Cody lives with his family in the farmlands just west of Hagerstown. He attended Clear Spring High School and graduated from Washington County Technical High School. He's been racing since he was 14, but he's been enamored with racing since before he could see over a dash panel.

"I'd like to make it to NASCAR one day," Cody said.

While he's come a long way from the days when he turned wrenches for his dad, Mike Kershner, and entered his first race, Cody's family says they're proud of the man he's become off the track.

"I think he is a good example for other young people to follow their dreams," said his grandmother, Peggy Kershner.

Months ago, Cody gave his trophy to the Stine family in memory of the late Jeff Stine, who was killed in a car accident on June 6. Jeff Stine owned Stines Radiator Service in Hagerstown. His brother, Doug Stine, said it's been hard.

"I was pretty happy to get that trophy," Doug Stine said. "I thought it was a pretty special thing for him to do.

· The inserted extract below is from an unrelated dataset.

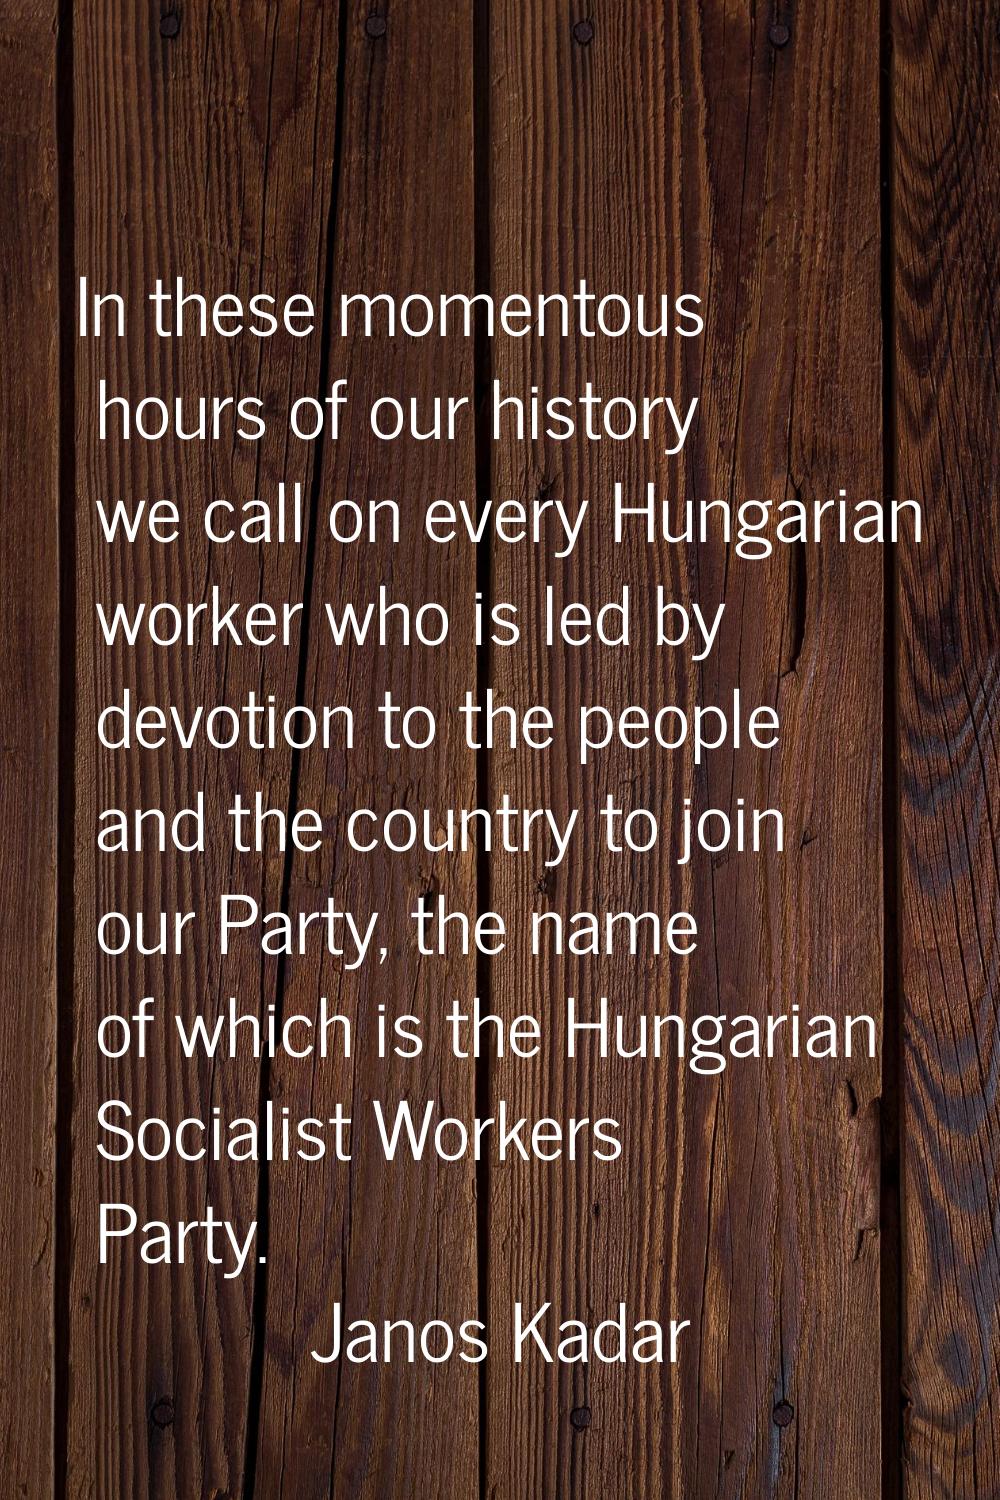 In these momentous hours of our history we call on every Hungarian worker who is led by devotion to

They're good people."

Cody said he recently gave away another one of his trophies to a fellow driver whose father died.

"I have trophies to show my accomplishments," Cody said. "Sometimes I feel like if someone has that, that can be given to them, it cheers them up, get their mind off things when they're in a situation."

Racing is a family affair in the Kershner household.

Cody said his first win was in 2007. He was competing against his father. "I started first and led every lap," he said. "My dad finished second to me. That was the first time we ever raced against each other."

Cody has a sister, Jamie Kershner, 23, whose daughter Makenna, 4, has already started hanging around the track, giving her Uncle Cody the thumbs up when he wins.

His great-grandparents, Charles and Rose Dale, don't attend the races, but they do pray for his safety. "They're his prayer warriors," Peggy said.

Watching the races can be scary.

"The one I remember the most is when he went up on the wall," said Shirley Kershner, Cody's mother. "Oh my goodness, is he going to roll? That scared me the most."

But Cody finished.

"There was a big pile up," he recalled. "One of the cars flipped. I got a flat tire. It ripped the whole nose piece off the car. I had to pull off the track. I had to put a new tire on the car. I came out, I started in last and finished in second."

Cody's fiance, Ashley Pearcey, 20, of Clear Spring, said it's not so hard for her to watch her future husband compete because she grew up around drag racing. Her stepfather, Bobby Smith, runs a race engine and automotive business in Clear Spring. She and Cody met each other when he came by to pick up a motor. She says it was love at first sight.

"He was too shy to say anything," Ashley said.

Inside of Cody's car, there's a heart with Ashley's name in it.

As for the future, Cody said he's been trying to do everything he can to make it to the next level of competition and get a fancier car. He wants to land a spot on a traveling series, the types of drivers who come through the Hagerstown Speedway not too far from his home - or at least find something lucrative enough so that he doesn't have to work full time.

He's employed with the service department at a Hagerstown car dealership.

His dad said they've been talking to a man with a race car that's not being used. But it takes a good bit of dues paying before people are willing to fork over a $50,000 to $60,000 car to an inexperienced driver.

"I've got to do the best I can in the division I'm in and just continue to win," Cody said. "Hopefully, someone sees I can get good results and take care of equipment, get a fan base."